- Born: 1900 Takasaki, Gunma Prefecture, Empire of Japan
- Died: 1943 (aged 42–43) Indian Ocean
- Occupations: Aviator and explorer
- Known for: Navigator for the first Japanese-built aircraft to fly from Japan to Europe

= Kenji Tsukagoshi =

Japanese aviator (1900–1943)

Kenji Tsukagoshi (塚越賢爾) (1900–1943) was a Japanese aviator and explorer. He was navigator on the first Japanese-built aircraft to fly from Japan to Europe.

==Life==
Tsukagoshi was born in Takasaki, Gunma Prefecture. His father was Japanese and his mother was British. He gained fame as the navigator on the Kamikaze (神風号, Kamikaze-go), a Mitsubishi Ki-15 Karigane aircraft, (registration J-BAAI) sponsored by the newspaper Asahi Shimbun.

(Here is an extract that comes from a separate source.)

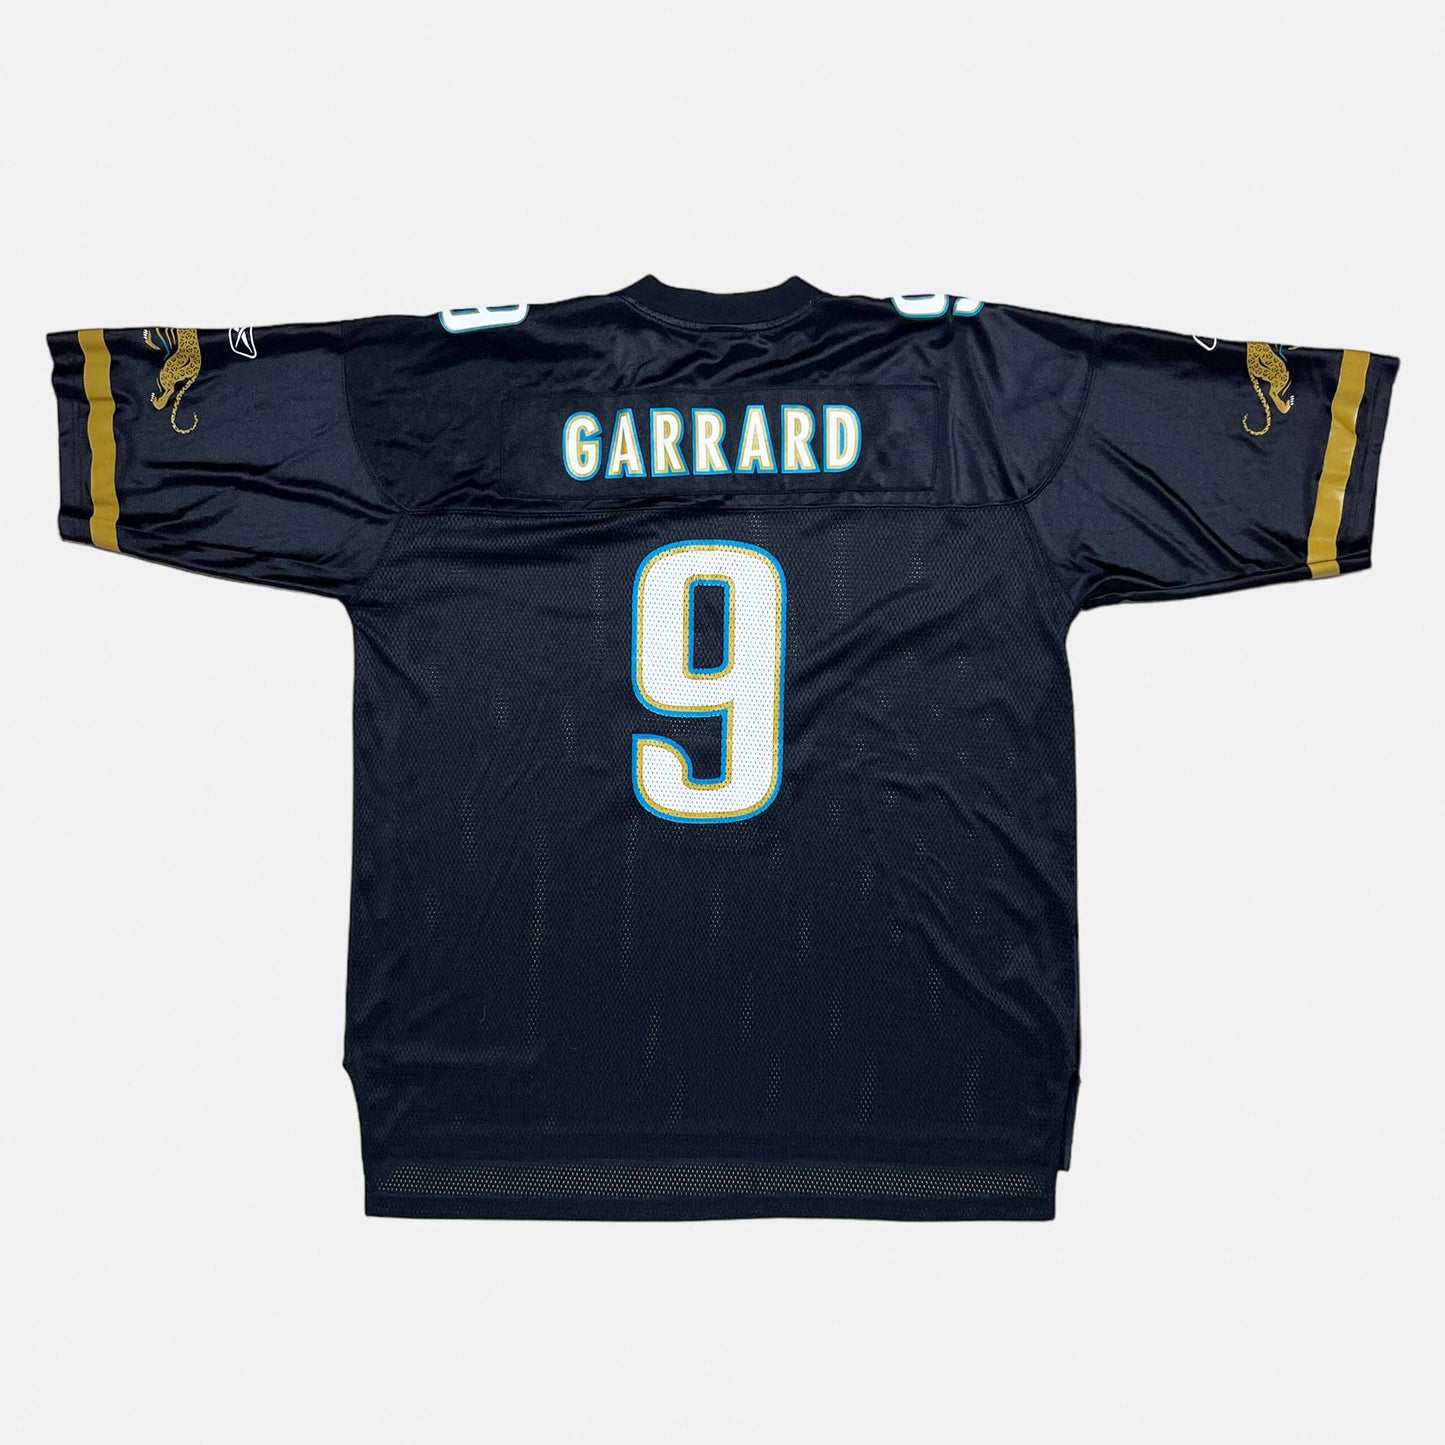 Jacksonville Jaguars - David Garrard - Größe XXL - Reebok - NFL Trikot

It became famous on April 9, 1937, as the first Japanese-built aircraft to fly from Japan to Europe. The flight from Tokyo to London took 51 hours, 17 minutes and 23 seconds and was piloted by Masaaki Iinuma (1912–1941).

The total elapsed time since departure from the Tachikawa Airfield was 94 hours, 17 minutes and 56 seconds, with actual flight time for the whole distance of 15,357 km of was 51 hours, 19 minutes and 23 seconds. The flight was the first Fédération Aéronautique Internationale record to have been won by Japanese aviators.

Tsukagoshi disappeared over the Indian Ocean after departing from Singapore for Crimea in the prototype Tachikawa Ki-77.